03 Nov 2020
Case : Rajesh @ Sarkari & Anr. v. State of Haryana Criminal Appeal No. 1648 of 2019
Court : Supreme Court of India
Bench : Justice Dr. Dhananjaya Y. Chandrachud, Justice Indu Malhotra & Justice Indira Banerjee
Decided on : 03 Nov 2020
Sections 302 and 34 of the Indian Penal Code, 1860
Sections 154, 313 and 162 of the Code of Criminal Procedure, 1973
Brief Facts and Procedural History
1. On December 26, 2006, deceased Sandeep Hooda was allegedly shot dead under the tin shed in the parking near the Law department of Maharishi Dayanand University, Rohtak by 6 men in front of the complainant and PW-4 Azad Singh, the father of the deceased and PW-5 Sunil, his younger brother. The three young men fled towards the Delhi road on a silver coloured Pulsar make a motorcycle.
2. The deceased was taken to PGIMS, Rohtak by DW4Parveen, son of Zile Singh Hooda, and DW5 Sikandar Rathi in a Santro car belonging deceased as per the FIR but both PW4 and PW5 stated in the Sessions Court that they had removed Sandeep in his car to PGIMS, Rohtak. However, he succumbed to the firearm injuries before reaching the hospital. The complainant stated that his son had strained relations with some persons and those persons had killed him.
3. The accused Rajesh alias Sarkari and Ajay Hooda and Pehlad Singh alias Harpal were apprehended and arraigned, to face trial. Rajesh alias Sarkari stated that the victim was implicated with him as a co-accused in another case; that there was no dispute between them. This was corroborated by DW2 and DW3.
4. In 2012, The Court of Sessions found all the three accused guilty u/s 302 read with Section 34 of IPC. Appeal against the same was dismissed by the High Court of Punjab and Haryana.
5. Rajesh alias Sarkari and Ajay Hooda appealed to the Supreme Court.
The Issues of the Case
Whether the appellants are guilty of the murder of the deceased?
Whether PW4 and PW5 were eye-witnesses at the scene of occurrence on 26 December 2006?
How much weight should be ascribed to the third FSL report?
Whether the refusal of the accused-appellants to undergo a test identification parade goes against them?
The Observations of the Court
After considering the arguments of both the parties the Supreme Court observed that:
1. Both PW4 and PW5 have made substantial improvements in the course of their examination in evidence by attempting to bolster the case of the prosecution with regard to their presence at the scene of the crime and by stating that they had removed Sandeep to the hospital after he had been gunned down. But they failed to prove their presence which was confirmed by DW4, DW5, information sent by the Casualty Medical Officer.
2. The prosecution has failed to establish the correctness of the Forensic Science Laboratory (FSL) report. The ballistics examiners have not been examined in the course of the evidence tendered by the prosecution. The discrepancies in the FSL reports could have been explained in the course of the examination by the FSL examiners. The decision in Mohinder Singh v. State, AIR 1953 SC 415 as explained in Gurucharan Singh v. State of Punjab, (1963) 3 SCR 585 lays down the principle that when direct evidence of an unimpeachable character is available and the nature of injuries is consistent with the direct evidence, the examination of a ballistics expert need not be insisted upon as a condition to the prosecution proving its case. On the other hand, where direct evidence is not available or there is doubt in regard to the nature of that evidence, the failure to examine the ballistic examiner would assume significance.

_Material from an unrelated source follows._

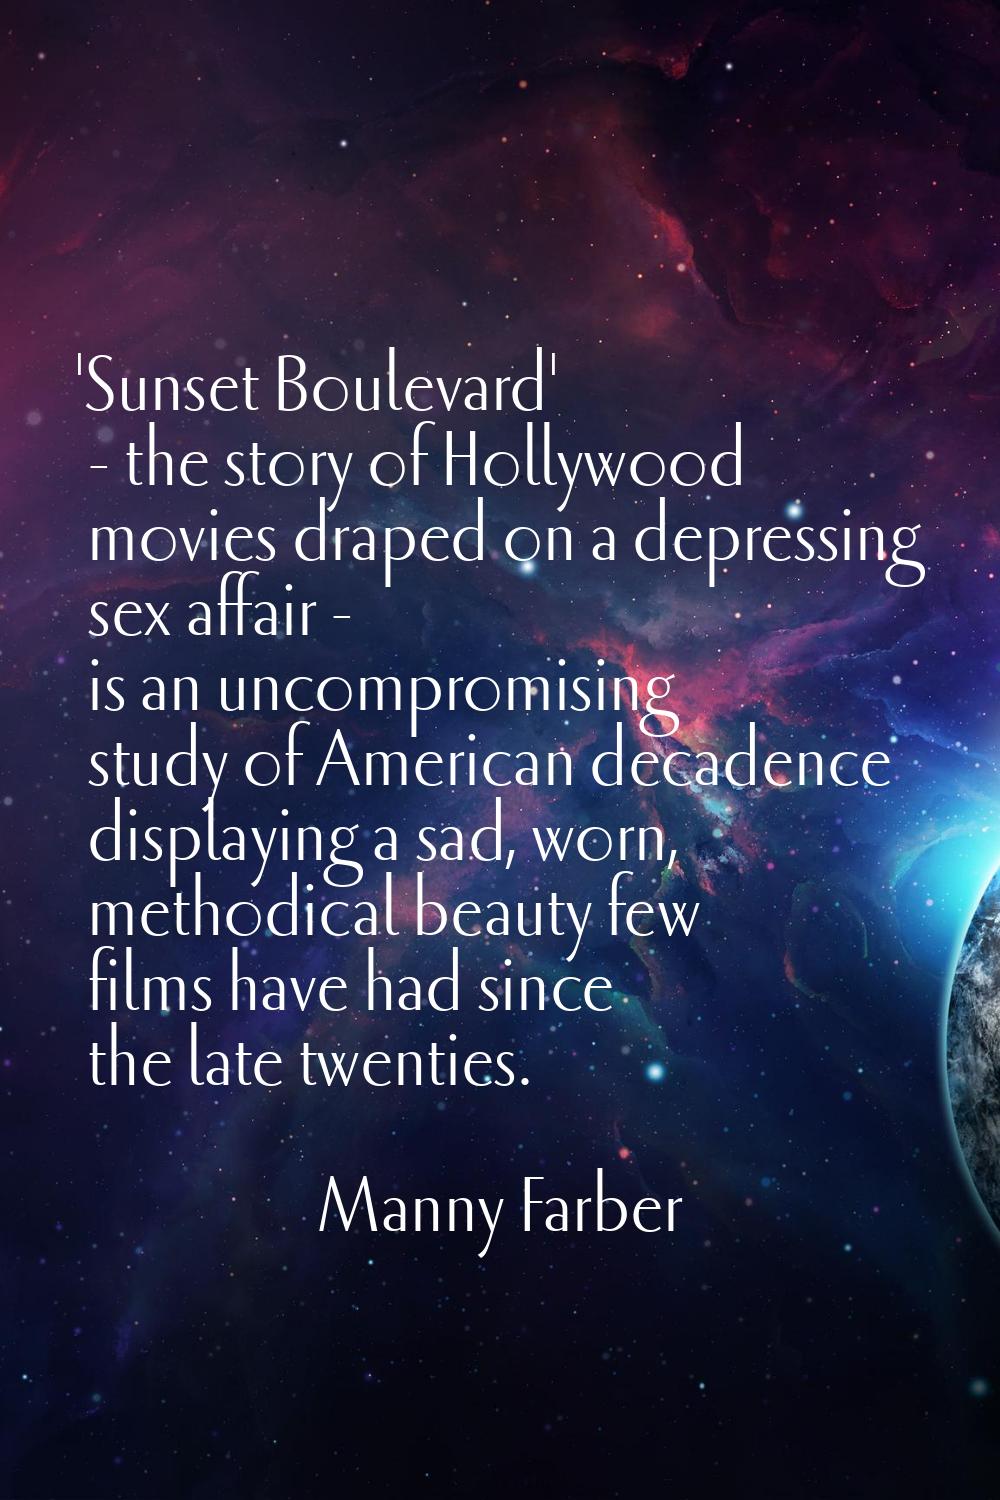 'Sunset Boulevard' - the story of Hollywood movies draped on a depressing sex affair - is an uncomp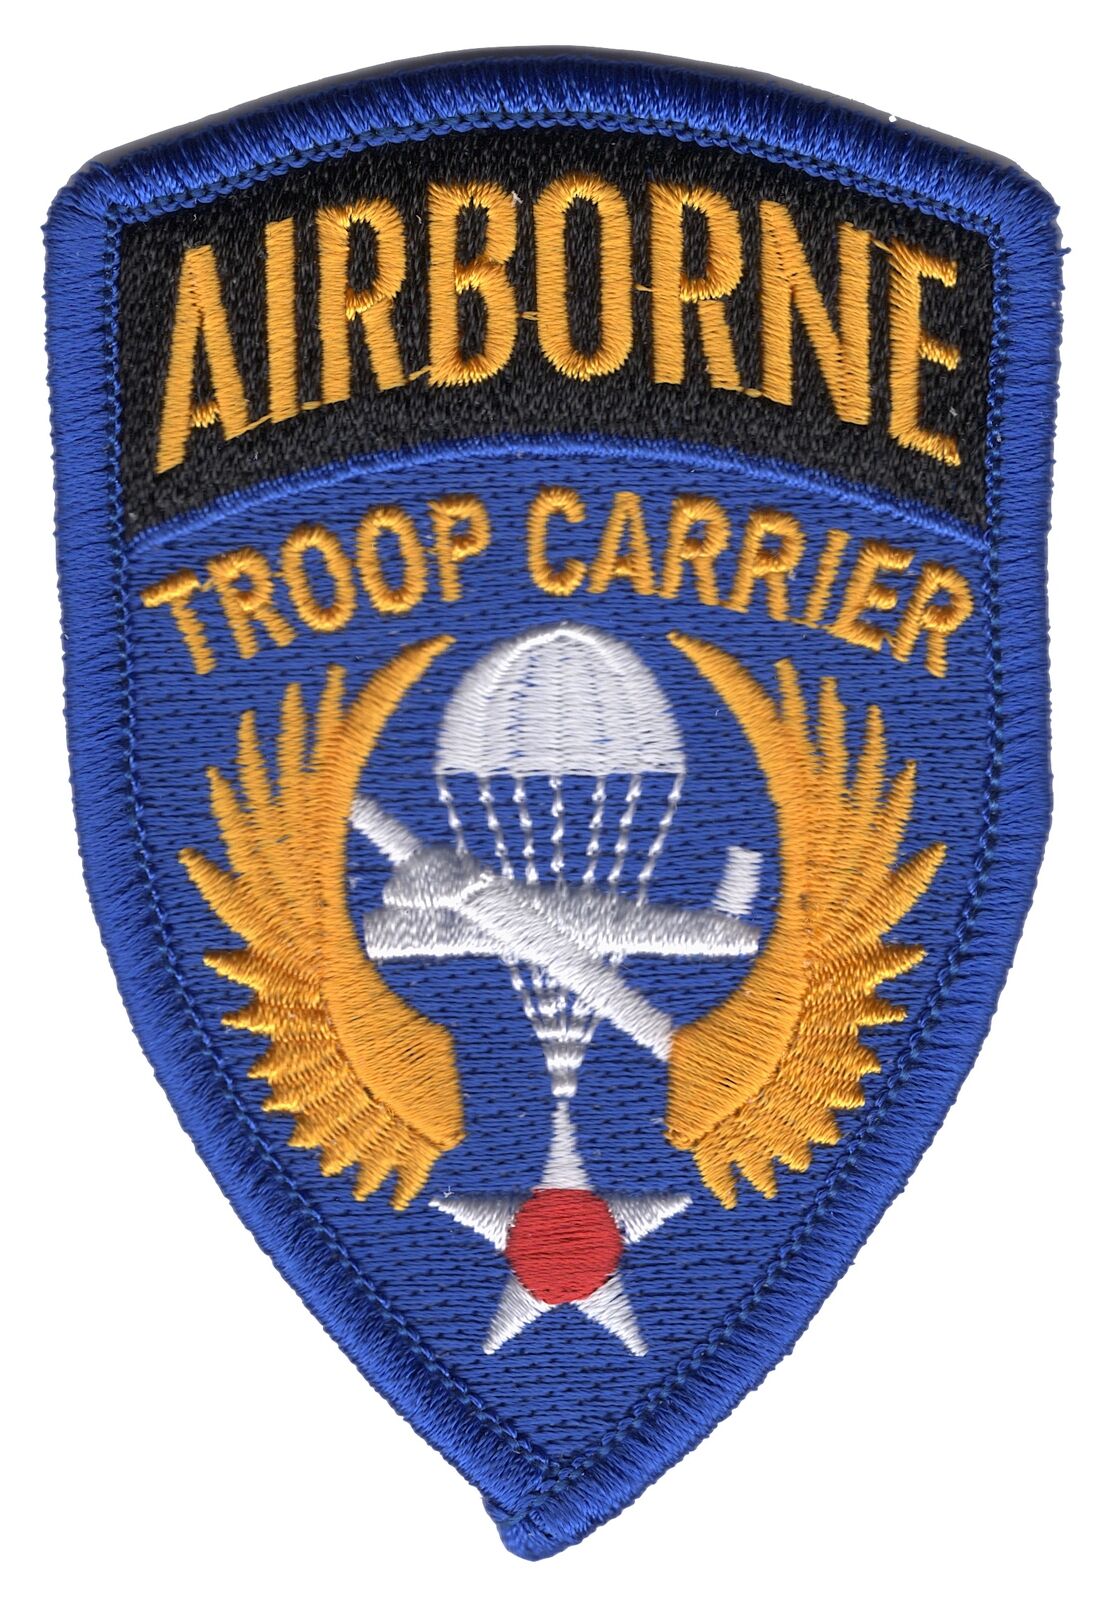 Airborne Troop Carrier Patch WWII

3. In the present case, the weapons of offence (marked as W/1 and W/2) were alleged to have been recovered in the context of the investigation in another FIR. The third FSL report arising out of the investigation in the present case does not deal with weapon W/1 at all. Moreover, the report wrongly attributes weapon W/2 to accused Rajesh alias Sarkari. The prosecution cited a ballistics examiner as a witness and yet, did not lead his evidence. Their non-examination cuts at the root of the case of the prosecution and would entitle the appellants to an acquittal.
4. Since the alleged eyewitnesses PW4 and PW5 at the scene of the occurrence are seriously in doubt the ballistics evidence connecting the empty cartridges and the bullets recovered from the body of the deceased with an alleged weapon of offence is contradictory and suffers from serious infirmities. Hence, in this backdrop, a refusal to undergo a Test Identification Parade assumes secondary importance, if at all, and cannot survive independently in the absence of it being a substantive piece of evidence.
The Decision Held by the Court
The Supreme Court allowed the appeal and held that:
1. The prosecution has failed to establish its case beyond a reasonable doubt. The appellants are, hence, entitled to the benefit of the doubt and are acquitted.
2. Since the appellants have undergone over 12 years of imprisonment, they shall be released and their bail bonds are cancelled unless they are wanted in connection with any other case.
3. Any pending applications stand disposed of.